LM Lite
Multi-Model Batching Runtime
High-performance inference engine optimized for multi-model deployments. Integrated into Conduit.
Overview
LM Lite is Conduit's native inference runtime, designed for efficient multi-model execution on shared GPU infrastructure. It handles batch processing, replica management, and health-check orchestration.
Key differentiator: Run multiple models on single GPUs with minimal overhead—dramatically lower memory footprint than vLLM for small-to-medium model deployments.
Architecture
Batch Processing
LM Lite collects concurrent requests and processes them as batches:
ModelConfig(
model_id,
max_model_concurrency=50, # Max requests per batch
model_batch_execute_timeout_ms=1000, # Execute batch after timeout
)
Modes:
- Single request: Lowest latency per request. Best for interactive applications.
- Batch mode: Higher throughput, slightly higher latency. Best for pipeline workloads.
Replica Management
LM Lite distributes load across replicas using round-robin scheduling:
LMLiteBlock(
models=[...],
replicas=2, # Requests distributed across replicas
)
Health-Check Readiness
Traffic only routes to healthy nodes:
while not block.ready:
time.sleep(5)
# Container healthcheck passed, safe to send traffic
Memory Efficiency
The vLLM Overhead Problem
Traditional runtimes like vLLM carry ~15GB base overhead regardless of model size:
| Runtime | 1B Model | 7B Model | Base Overhead |
|---|---|---|---|
| vLLM | ~17GB | ~29GB | ~15GB |
| LM Lite | ~2GB | ~14GB | ~1-2GB |
For small models, vLLM uses 7-8x more memory than necessary.
Multi-Model Deployments
LM Lite runs multiple models simultaneously on single GPUs:
GPU Memory: 24GB
Model A (7B): ~14GB
Model B (1B): ~2GB
Model C (1B): ~2GB
LM Lite Overhead: ~2GB
Total: ~20GB ✓
vLLM requires separate instances per model.
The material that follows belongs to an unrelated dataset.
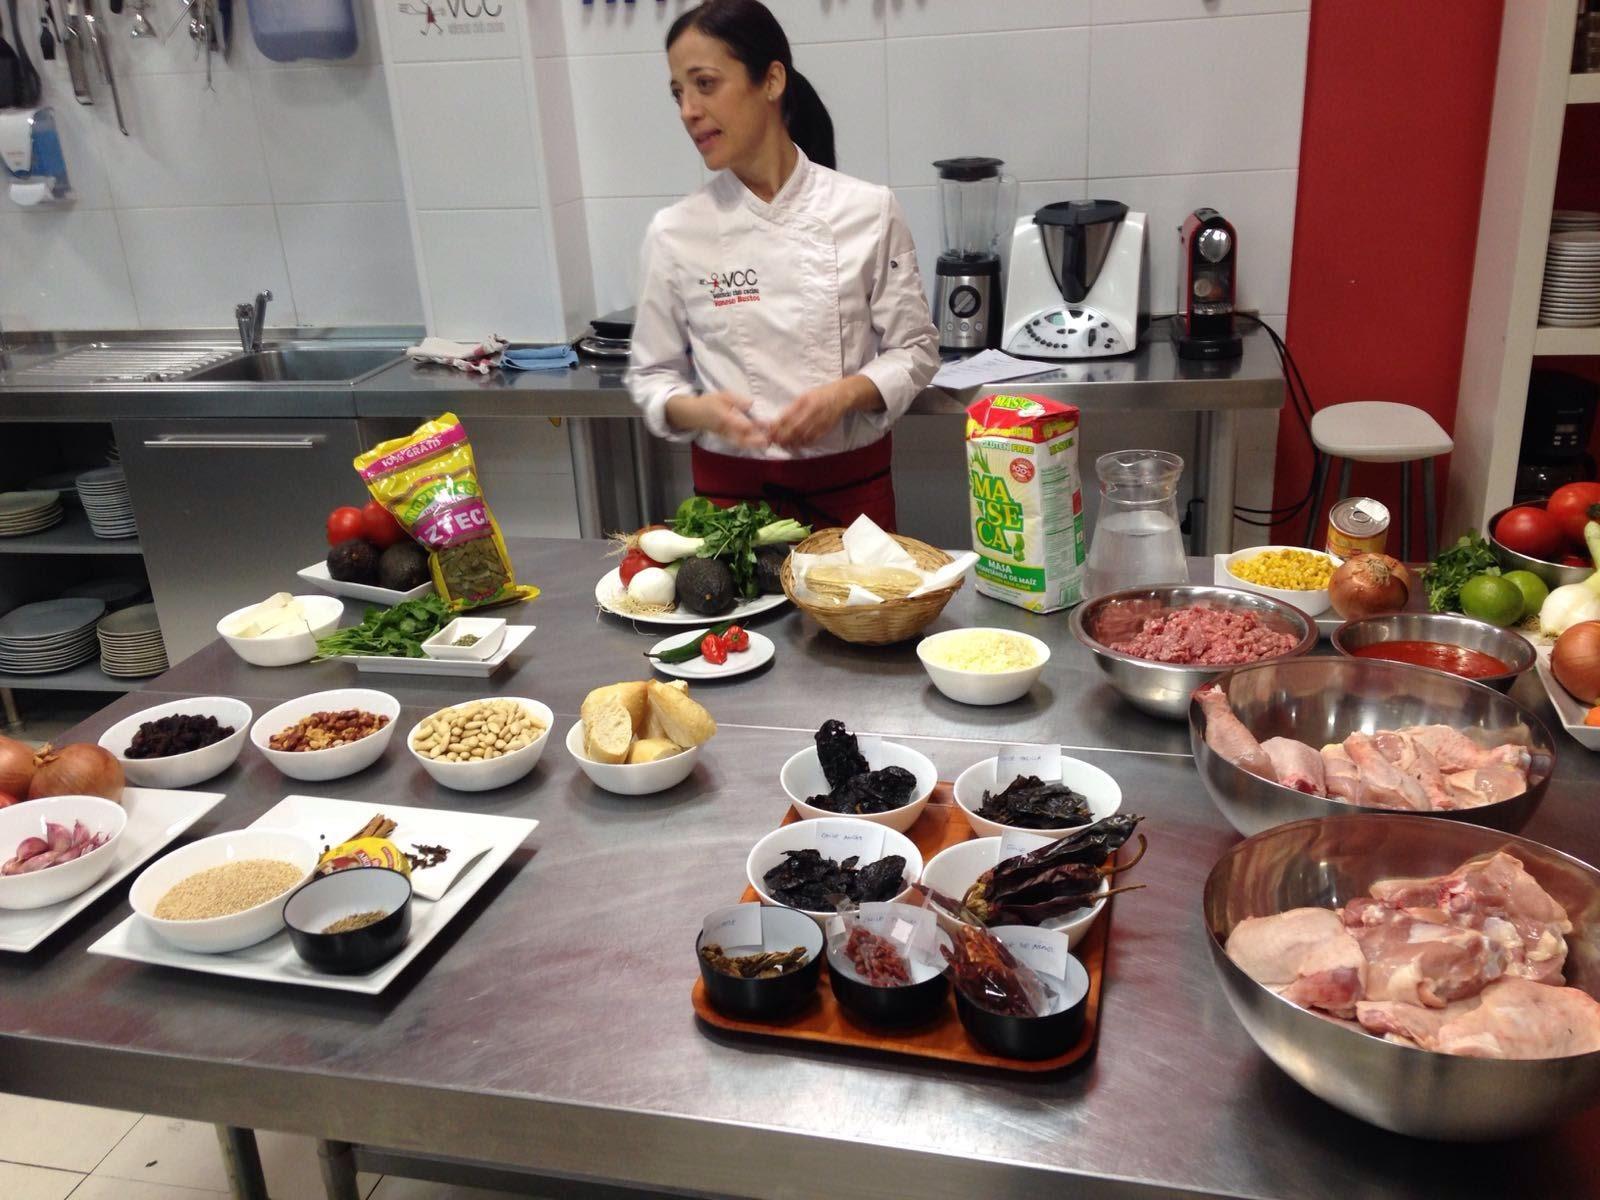 Bonito cursos de cocina en valencia galer a de im genes - Cursos de cocina en valencia gratis ...

LM Lite shares infrastructure.
Configuration
from conduit import ModelConfig
from conduit.conduit_types import GPUS
from conduit.runtime import LMLiteBlock
block = LMLiteBlock(
models=[
ModelConfig(
"Qwen/Qwen3-4B",
max_model_len=1400,
max_model_concurrency=50,
model_batch_execute_timeout_ms=1000,
),
ModelConfig(
"microsoft/phi-3-mini",
max_model_len=2048,
max_model_concurrency=25,
model_batch_execute_timeout_ms=500,
),
],
gpu=GPUS.NVIDIA_L4,
replicas=2,
)
Parameters
| Parameter | Type | Description |
|---|---|---|
| model_id | str | HuggingFace model identifier |
| max_model_len | int | Maximum tokens per request (input + output) |
| max_model_concurrency | int | Maximum concurrent requests per batch |
| model_batch_execute_timeout_ms | int | Milliseconds before batch executes, even if not full |
Lifecycle
# Initialize
block = LMLiteBlock(models=[...], replicas=2)
# Clean stale instances
LMLiteBlock.gc()
# Wait for readiness
while not block.ready:
time.sleep(5)
# Execute inference
result = block(model_id="Qwen/Qwen3-4B", input=..., output=...)
# Cleanup
block.delete()
GPU Support
Current: NVIDIA CUDA GPUs
Roadmap: AMD ROCm support planned
Supported GPU Types
from conduit.conduit_types import GPUS
GPUS.NVIDIA_L4
GPUS.NVIDIA_A10
GPUS.NVIDIA_A100
# ... additional types
Specifications
| Spec | Value |
|---|---|
| Base overhead | 1-2GB |
| Model formats | HuggingFace Transformers |
| Optimal model size | 1B-13B parameters |
| Multi-model | Yes, shared GPU |
| Streaming | Supported |
| Batching | Configurable |